> [Exercise instructions]:
Exactly as they appear below, repeat the lines from the one with "最新研究:食物影響情緒 與年齡密切相關" through the one with "Titel: Die Theorie". Drop every picture.

> [Data]:
**********

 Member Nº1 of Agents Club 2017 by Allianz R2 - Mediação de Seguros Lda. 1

**********

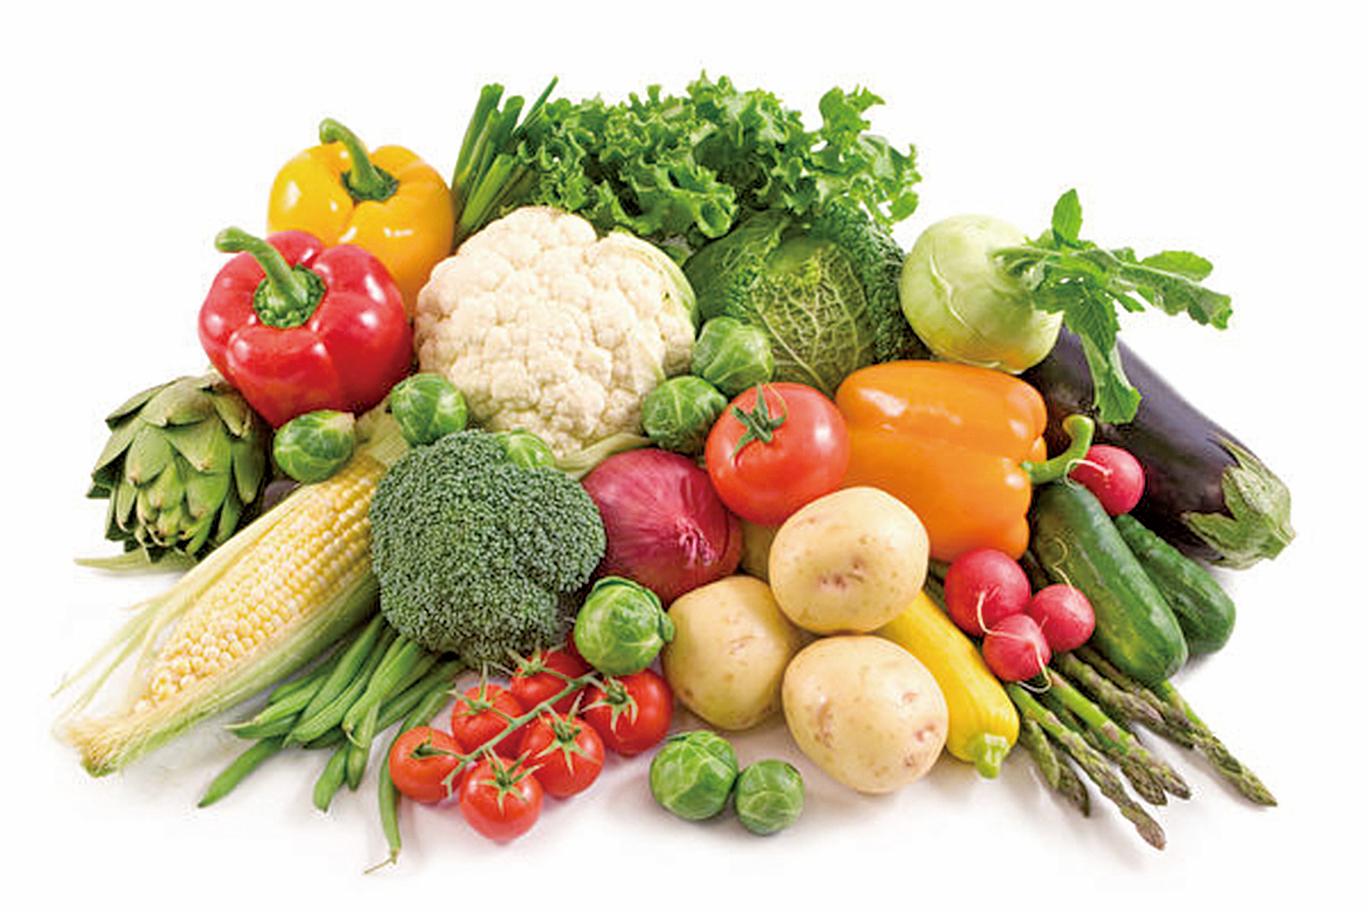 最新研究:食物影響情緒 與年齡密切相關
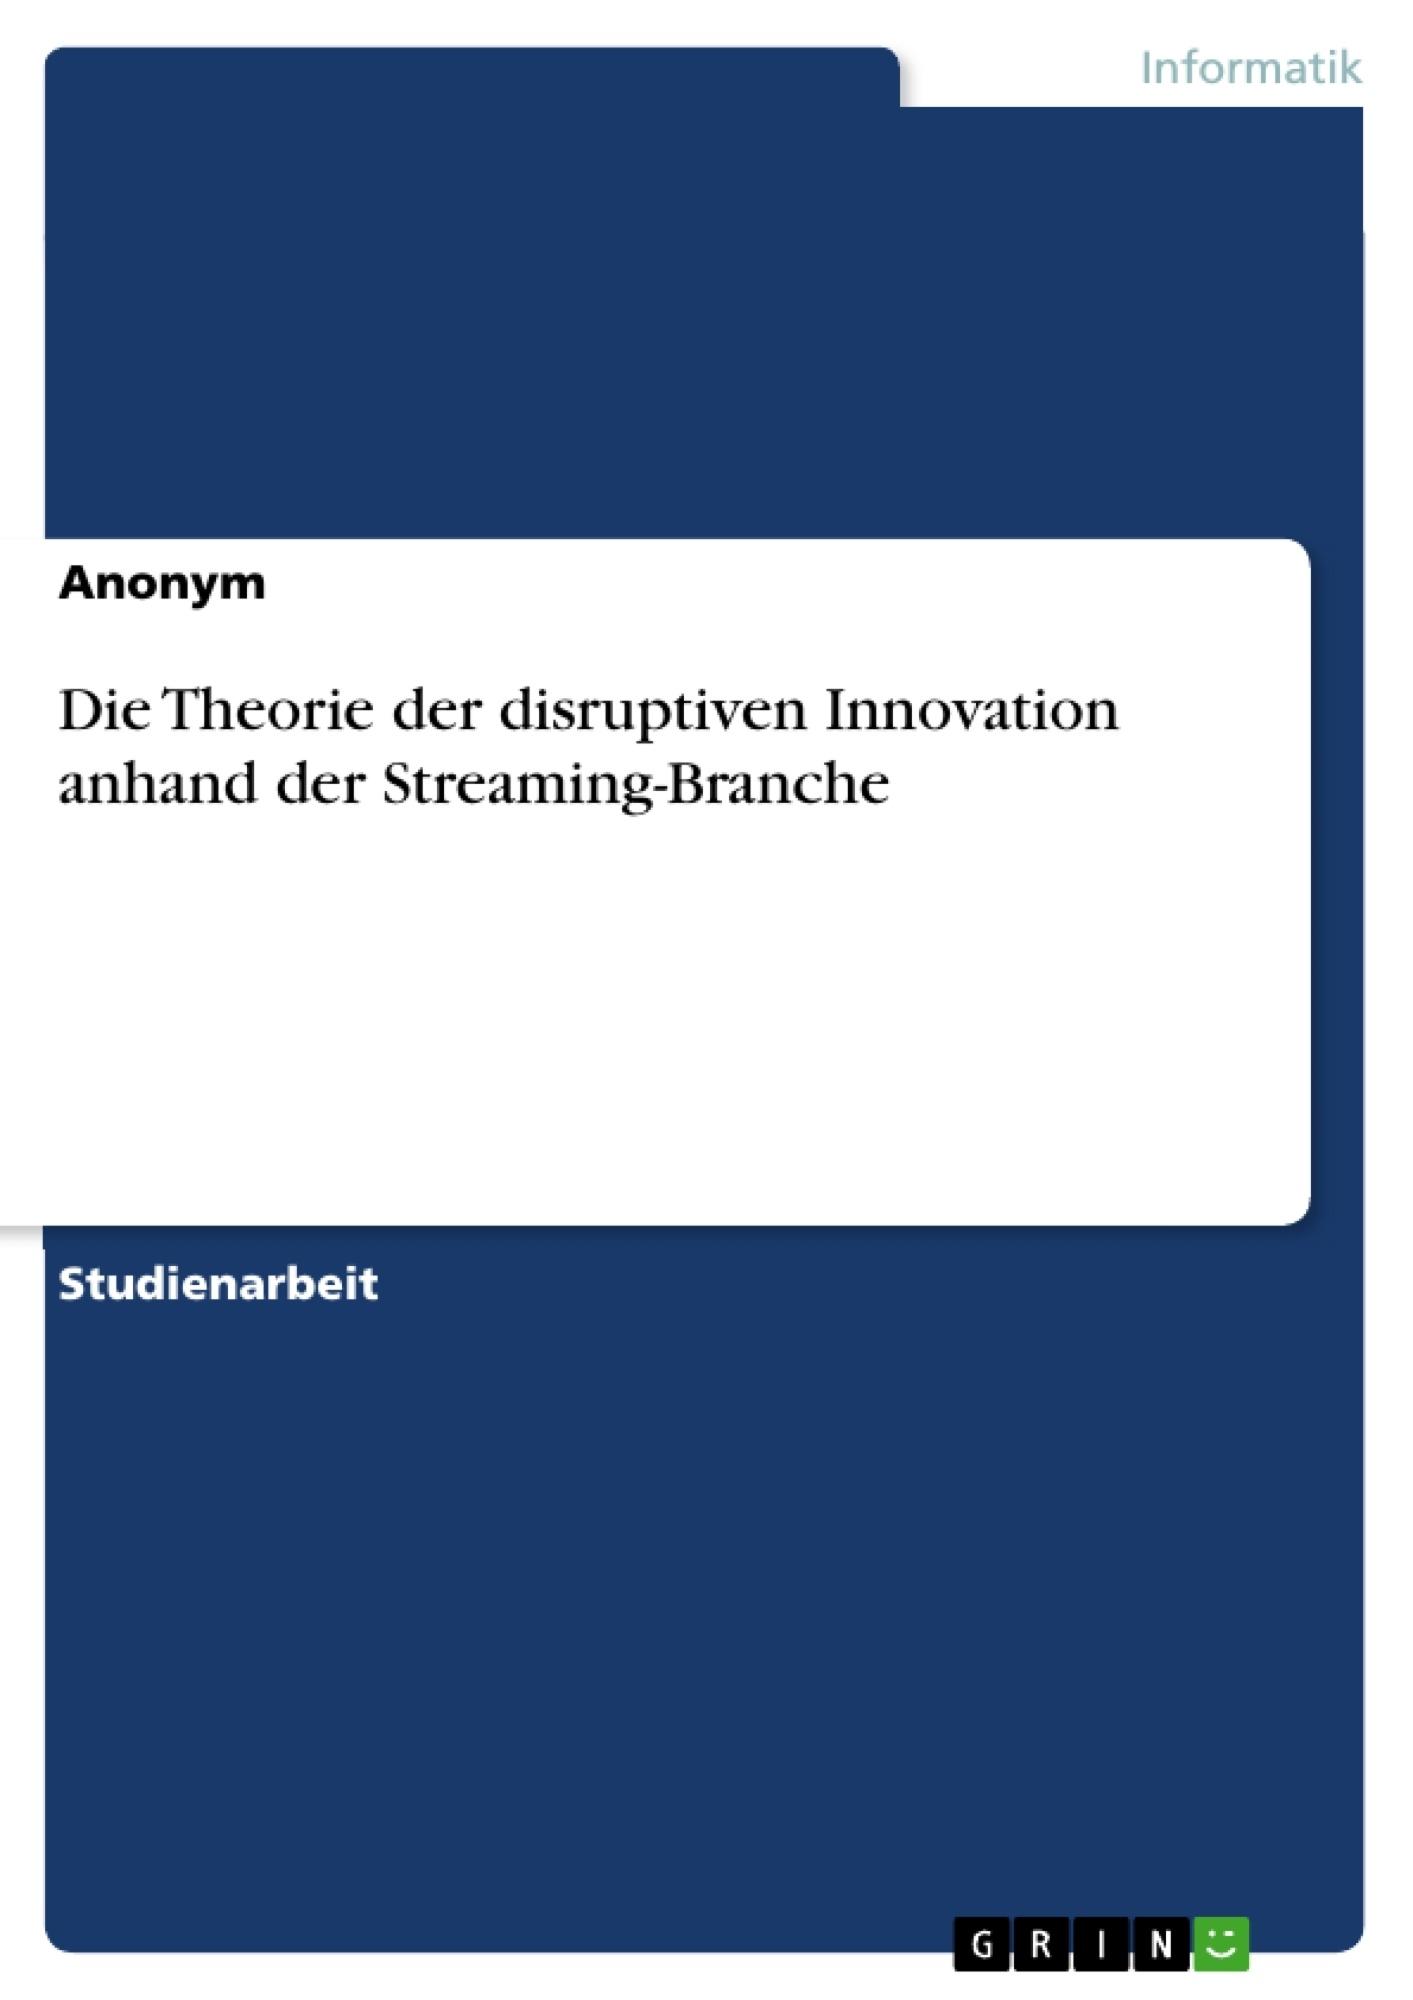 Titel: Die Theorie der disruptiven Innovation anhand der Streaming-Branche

**********

> [Answer to this problem]:
 最新研究:食物影響情緒 與年齡密切相關
 Titel: Die Theorie der disruptiven Innovation anhand der Streaming-Branche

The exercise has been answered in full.